Вечером, когда лиловые сумерки мягким покрывалом окутали остров, старый Мбете Лакемба объявился на ветхом пирсе, с которого Лэмб Мак-Эванс, чертыхаясь, швырял остатки сегодняшнего улова в «Акулью Пасть». Впрочем, рыба исчезала в АКУЛЬЕЙ ПАСТИ как в прямом, так и в переносном смысле слова.
— О, Старина Лайк! — обрадовался Малявка. — Слушай, ты ж у нас вроде как акулий родич?! Глянь-ка… сейчас, сейчас, подманю ее поближе…
Однако, как ни старался Малявка, пленная акула к пирсу подплывать отказывалась. И лишь когда Мбете Лакемба хлопнул ладонью по воде, акула, словно вышколенный пес, мгновенно возникла возле пирса и не спеша закружила рядом, время от времени предоставляя татуированное брюхо для всеобщего обозрения.
— Ну что, видел? — поинтересовался Ламберт, приписав акулье послушание своему обаянию. — Что это?
— Это Ндаку-ванга, — лицо фиджийца, как обычно, не выражало ничего, но голос на последнем слове дрогнул. — Курчавые охотники с юго-восточного архипелага еще называют его Камо-боа-лии, или Моса.
—А он… этот твой хренов Ндаку — он редко встречается?
— Ндаку-ванга один. — Лакемба повернулся и грузно побрел прочь.
— Ну, если ты не врешь, старина, — бросил ему в спину Малявка Лэмб, — то эта зараза должна стоить уйму денег! Коли дело выгорит — с меня выпивка!
Лакемба кивнул. Зря, что ли, пароход со смешным названием «Paradise» вез жреца через соленые пространства? И уж тем более ни к чему было объяснять Ламберту Мак-Эвансу, что Ндаку-ванга еще называют Ндаку-зина, то есть «Светоносный».
На падре Лапланте это имя в свое время произвело немалое впечатление.
— …ну а потом к нам заявился этот придурок Пол! Ламберт заворочался, нашарил на стойке свой бокал с остатками джина и опрокинул его содержимое в глотку. Не дожидаясь заказа, Кукер сразу же выставил рассказчику банку тоника, зная, что оба Мак-Эванса (и Лэмб, и покойный Хьюго) предпочитают употреблять джин с тоником по отдельности. Впрочем, Хьюго — предпочитал.
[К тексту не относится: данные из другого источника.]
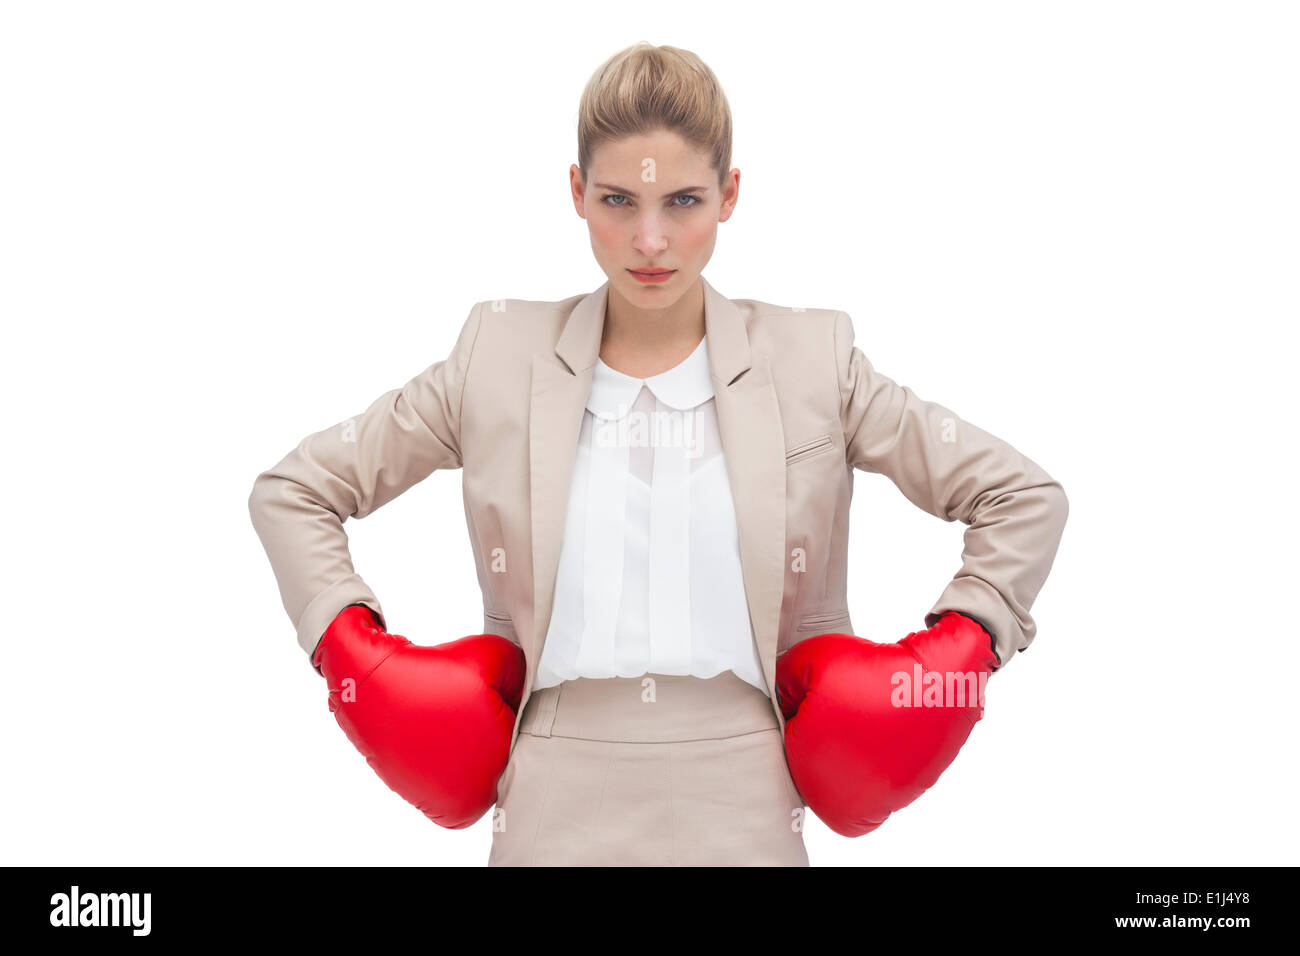 Determined businesswoman with boxing gloves Stock Photo

— Так вот, на чем это я… ах, да! Заявляется, значит, с утреца этот придурок Пол и просится кормить зверюгу!
— Ты б попридержал язык, Малявка, — неуверенно заметил Кукер, дернув культей. — Сам знаешь: о мертвых или хорошо, или… Опять же, вон и папаша его здесь!
Кукер умолк и лишь покосился на спящего Плешака Абрахама.
— А мне плевать! Пусть хоть сам Отец Небесный! Говорю — придурок! Придурком жил, придурком и подох! Ну кто, кроме полного кретина, добровольно вызовется кормить акулу?!
— Помнится мне, Ламберт, раньше ты говорил, будто вы с братом его наняли, — как бы невзначай ввернул капрал Джейкобс, расправляясь с очередным сандвичем.
— Верно, наняли, — сбавил тон Малявка Лэмб. — Только парень сам напросился! Эти эмигранты рыбьи потроха руками ворошить согласны за цент в час! И попомните мое слово: все дерьмо из-за мальчишки приключилось!
— Пол кормил акулу вовсе не из-за ваших денег, — голос девушки в сером платье звучал ровно, но в больших черных глазах предательски блестели слезы. — Сколько вы платили ему, мистер Мак-Эванс? Пятерку в день? Десятку?!
— Этот придурок и серебряного четвертака не заработал! — проворчал Ламберт, не глядя на девушку.
— Не смейте называть его придурком! — выкрикнула девушка и отвернулась, всхлипнув. — Вам никому не было до него дела! Деньги, деньги, только деньги! А кто не мчится сломя голову за каждой монетой — тот придурок и неудачник! Так, мистер Мак-Эванс? Так, Барри Хелс? — обернулась она к парню с изуродованной щекой.
— А я-то тут при чем, Эми? — огрызнулся Барри.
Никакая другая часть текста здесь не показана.